Honest Raj is a 1994 Indian Tamil-language action thriller film directed by K. S. Ravi. The film stars Vijayakanth, Gautami and Aamani, while Devan, Manorama, Senthil, Vijayakumar, and Nizhalgal Ravi play supporting roles. It marked the debut of Ravi K. Chandran in Tamil cinema. The film, produced by G. Thyagarajan, was released on 14 April 1994 to positive reviews. The film was remade in Hindi as Rakshak (1996).

Plot 
"Honest" Raj, a police officer in a coma for four years, wakes up suddenly. Abhinaya, a newly appointed doctor, saves him from a killer with the help of Raj's assistant Velu.

10 years ago, Raj lived with his mother Maragatham in Chennai. Maragatham was a Bank officer, and Raj was a graduate searching for a job. When Maragatham's Bank was taken hostage, Raj came to rescue and defeated the robbers. The City police reward him, and the commissioner asks him to attempt Public service exams for Indian Police Service. Raj complies and after the exams, mom-son duo visit Maragatham's native village for a vacation. Pushpa, a village girl, fell in love with Raj and they get engaged. Raj's best friend Varatha attempted to suicide after his father's creditors pressured him. Raj saved him, and Varatha lent his printing press company to Pazhani. Raj and Pushpa got married, and he passed the IPS exam successfully. Varatha found counterfeit money in his factory and started an illegal business with Pazhani. Bharatha then became rich and killed his partners.

Raj came back with his mother, wife, and son Babloo to see Varatha.
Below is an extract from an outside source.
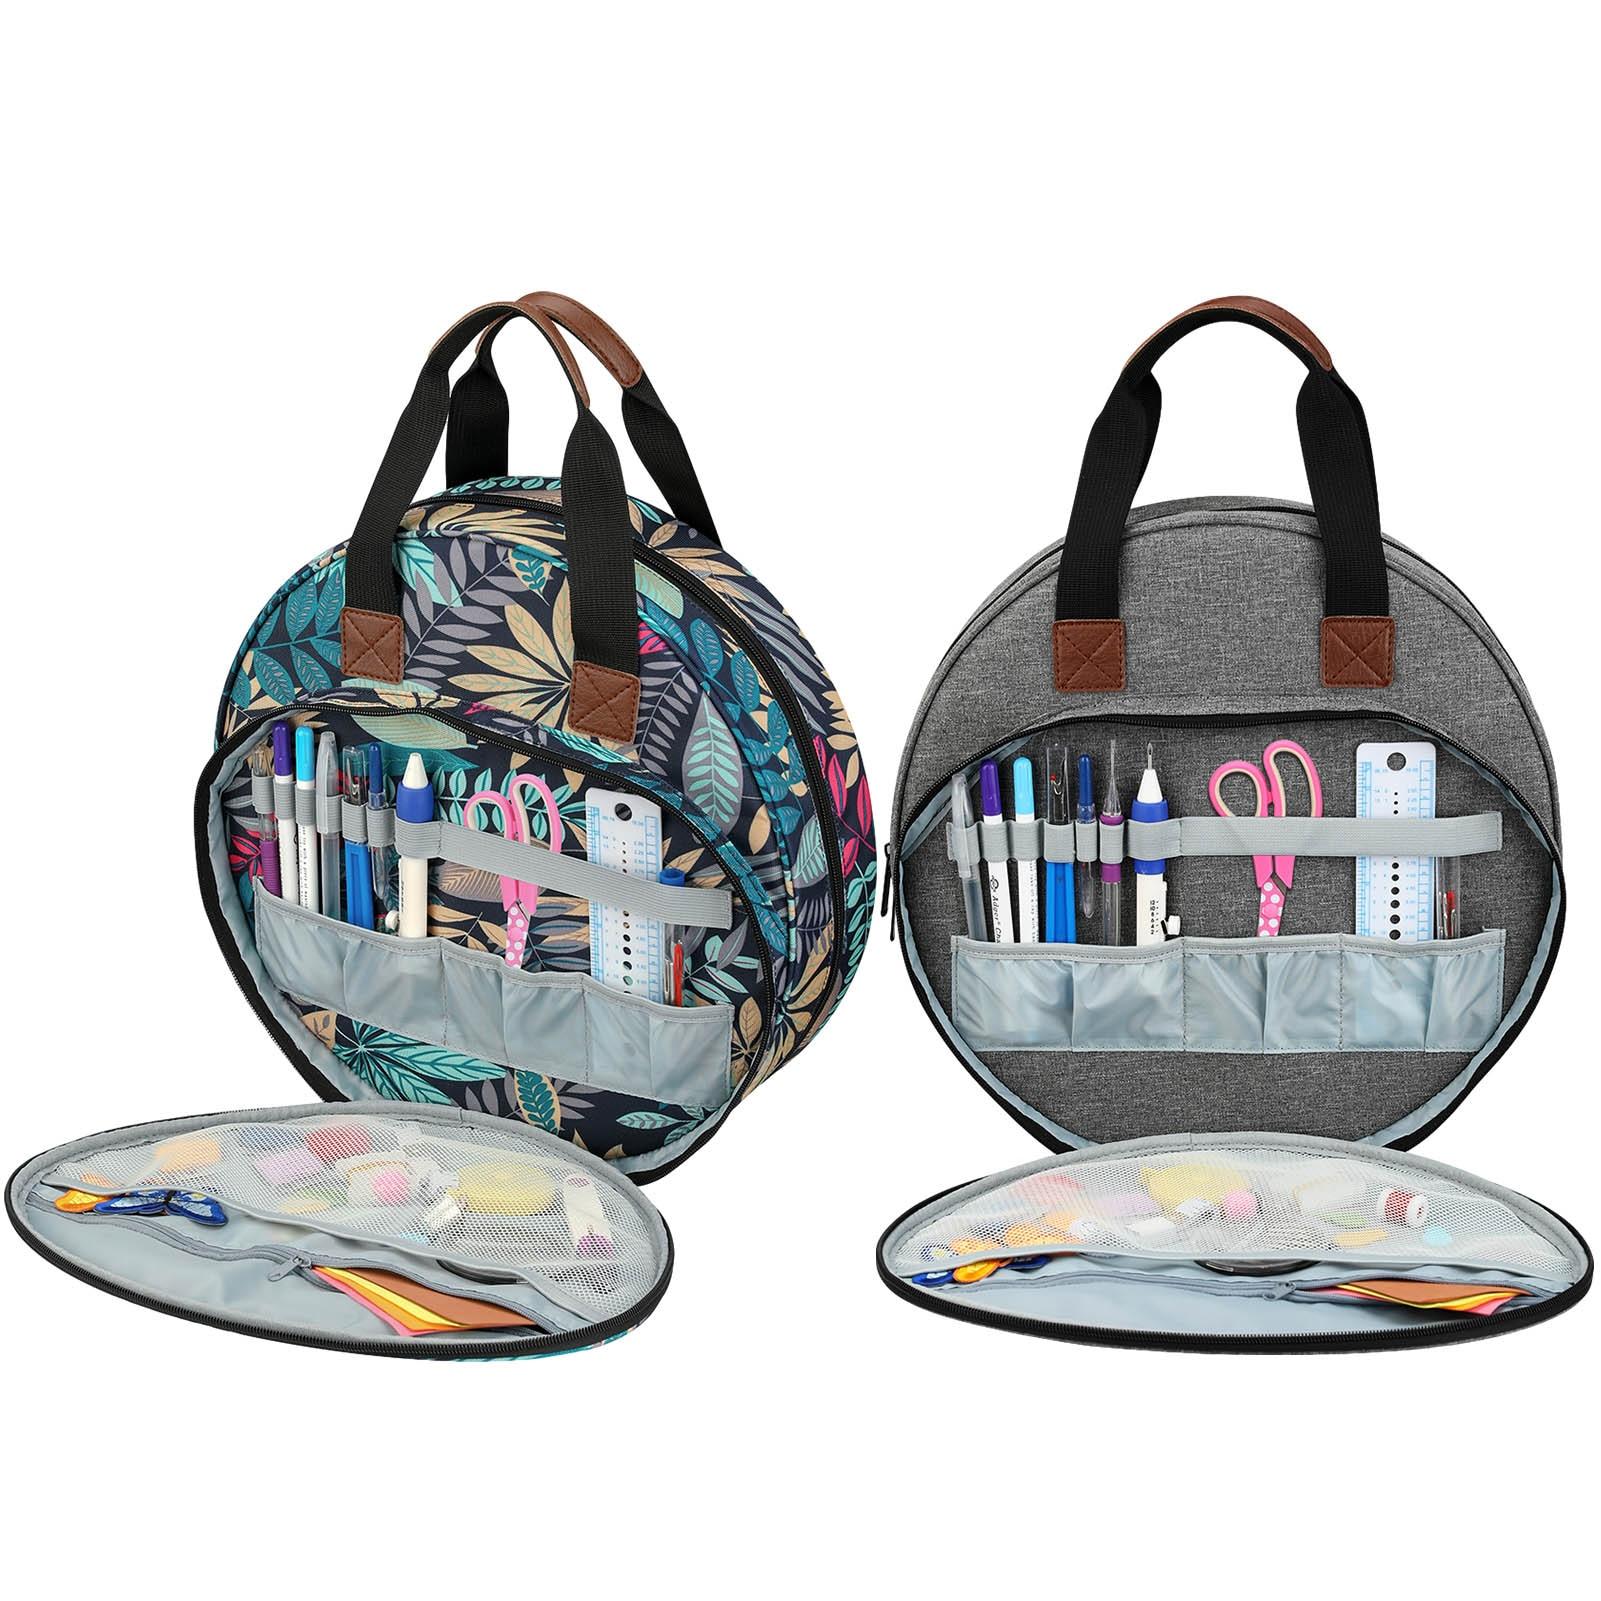 Сумка для хранения инструментов для вышивки «сделай сам», Набор для вышивки крестиком, прочная Портативная сумка для хранения вышивки, орга...

Raj found an illegal business thanks to Kesavan, a former henchman of Varatha. Even though Varatha was his best friend, Raj tried to arrest him. Varatha soon killed his wife and mother. To save at least Babloo, Raj was hurt by bullets and lapsed into a coma. Gopalakrishnan, a veteran police officer, took care of Babloo.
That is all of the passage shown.